● THE DATA
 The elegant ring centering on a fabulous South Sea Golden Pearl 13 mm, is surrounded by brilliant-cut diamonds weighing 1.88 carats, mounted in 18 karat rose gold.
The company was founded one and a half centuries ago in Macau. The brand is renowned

* * *

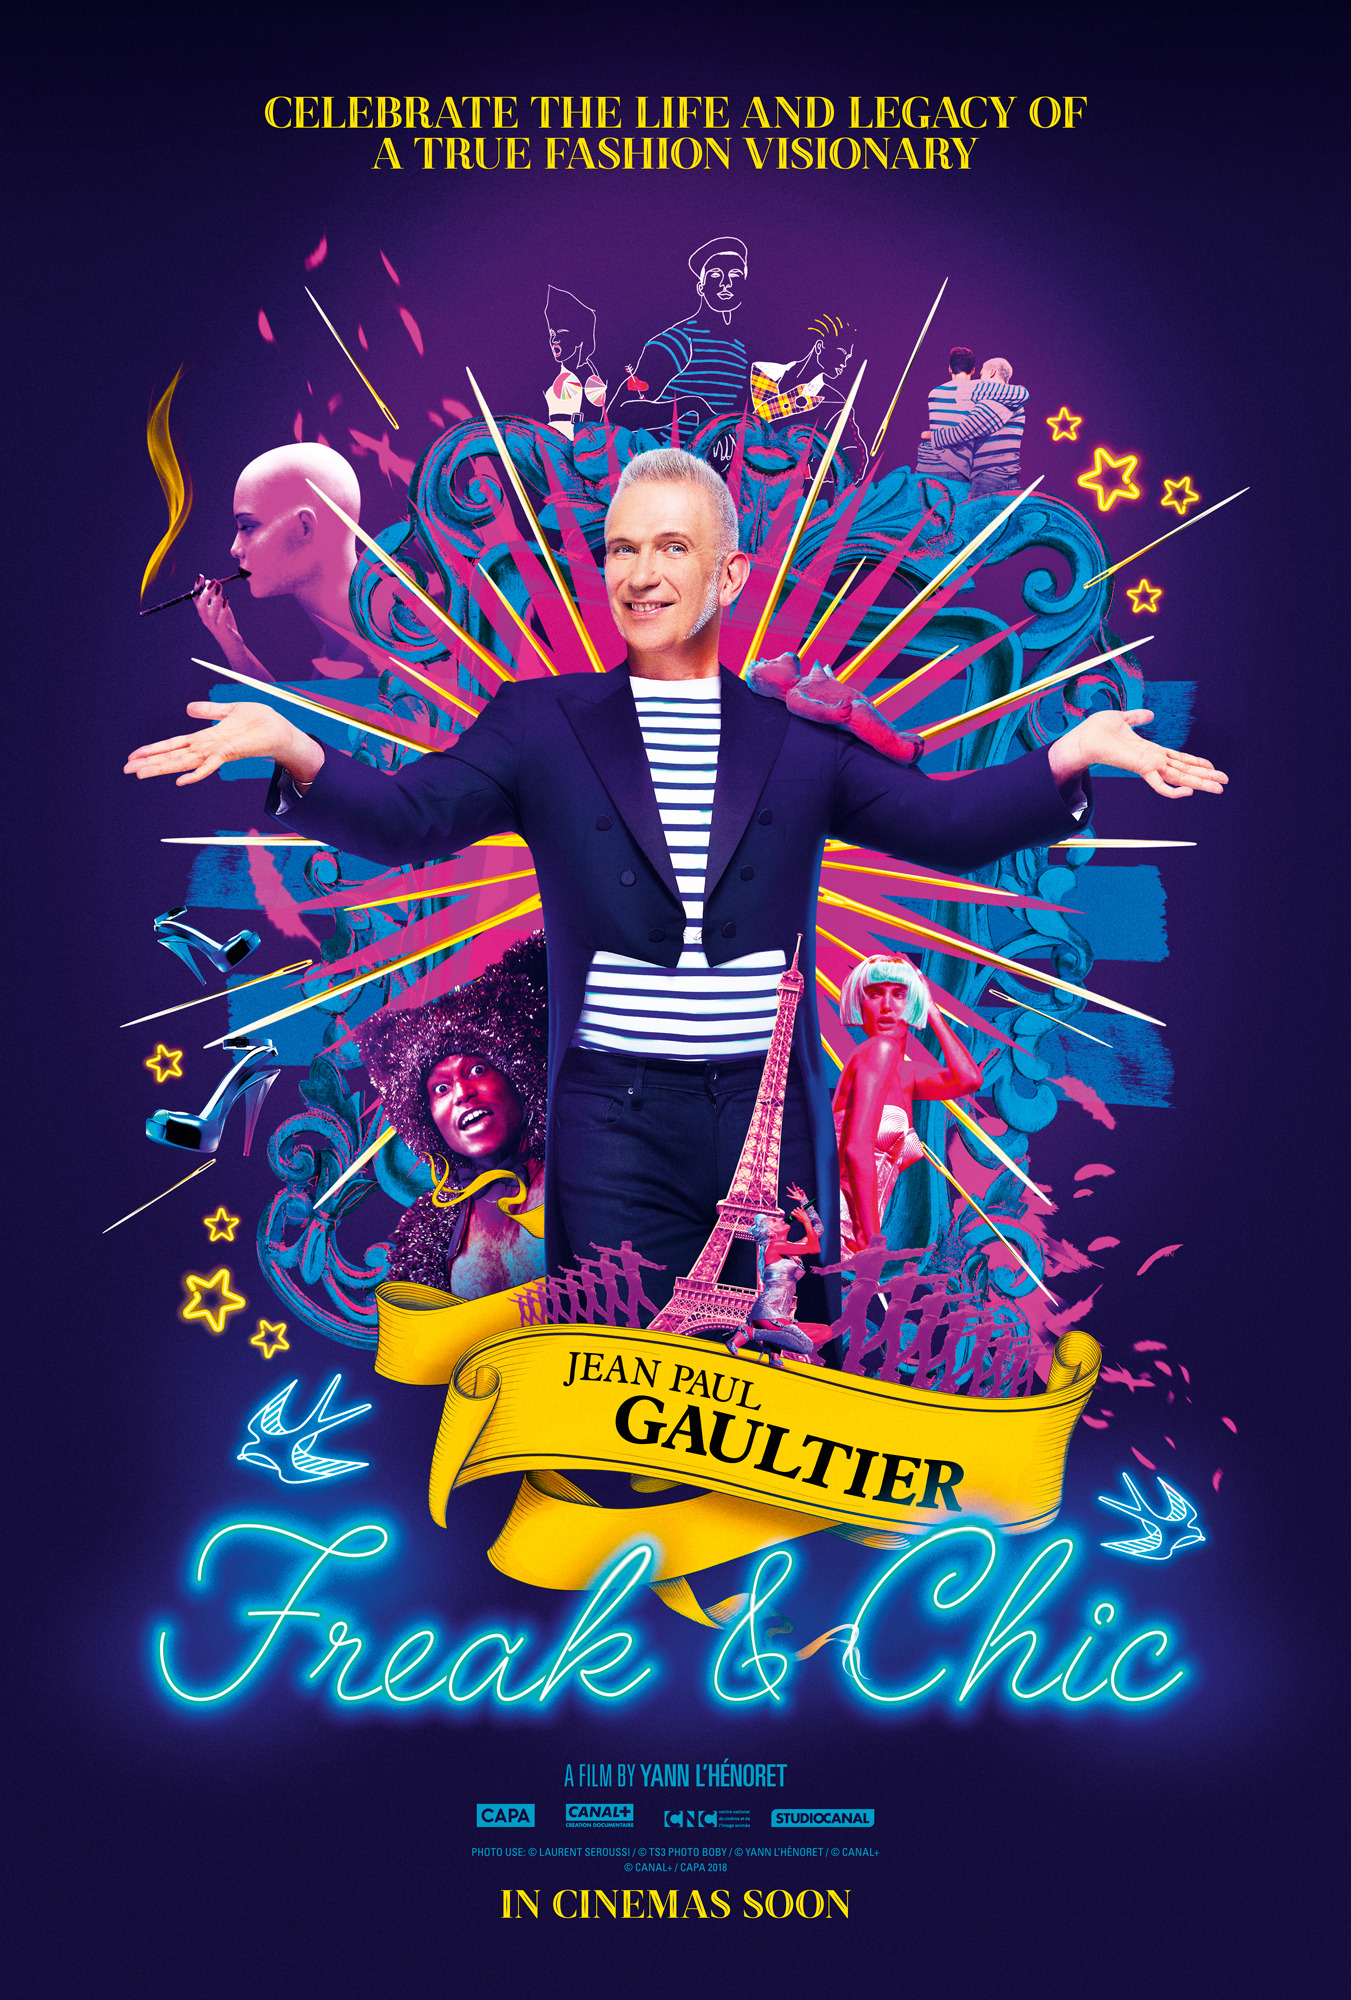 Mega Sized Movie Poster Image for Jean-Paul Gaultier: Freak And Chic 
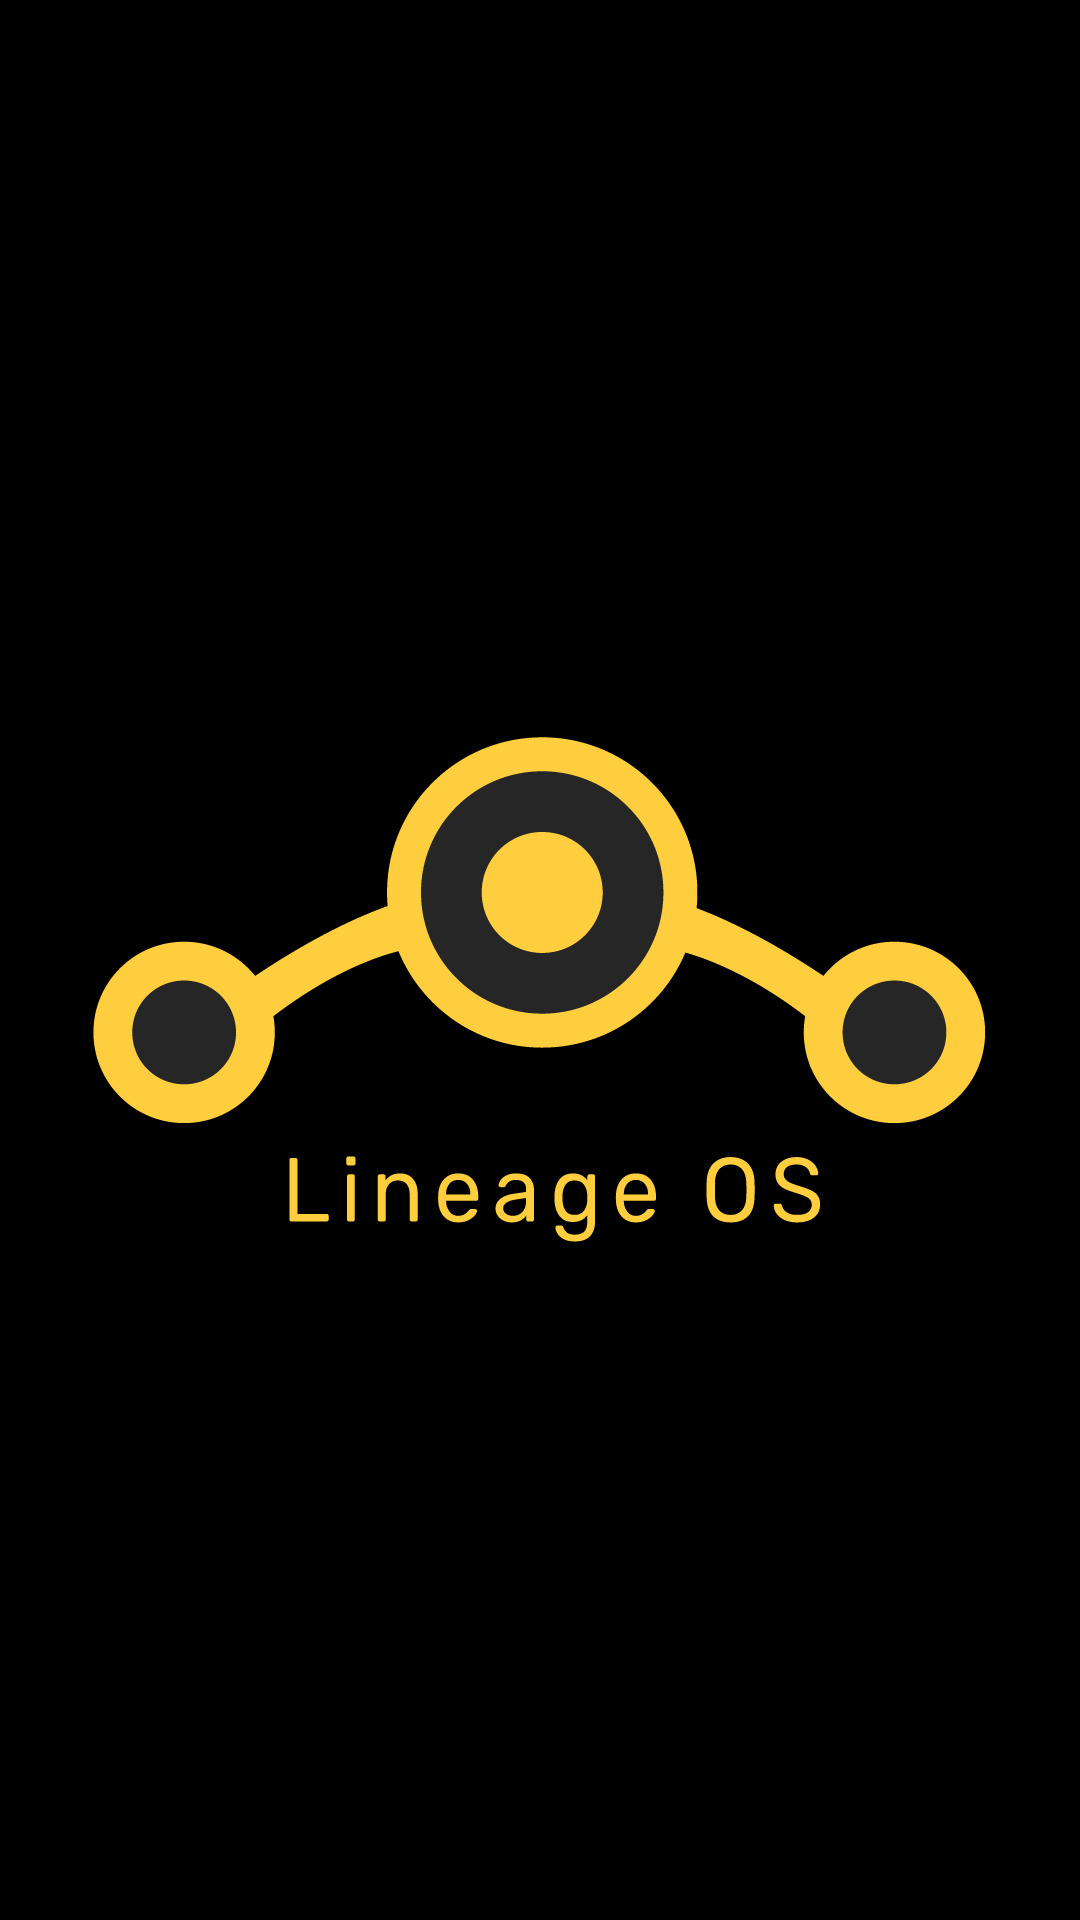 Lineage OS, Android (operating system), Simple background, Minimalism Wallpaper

● ASSIGNMENT
What is asked for is an exact copy of the lines above from the one containing "The elegant ring" through the one containing "The company was", and only those.

● TASK RESPONSE
 The elegant ring centering on a fabulous South Sea Golden Pearl 13 mm, is surrounded by brilliant-cut diamonds weighing 1.88 carats, mounted in 18 karat rose gold.
The company was founded one and a half centuries ago in Macau. The brand is renowned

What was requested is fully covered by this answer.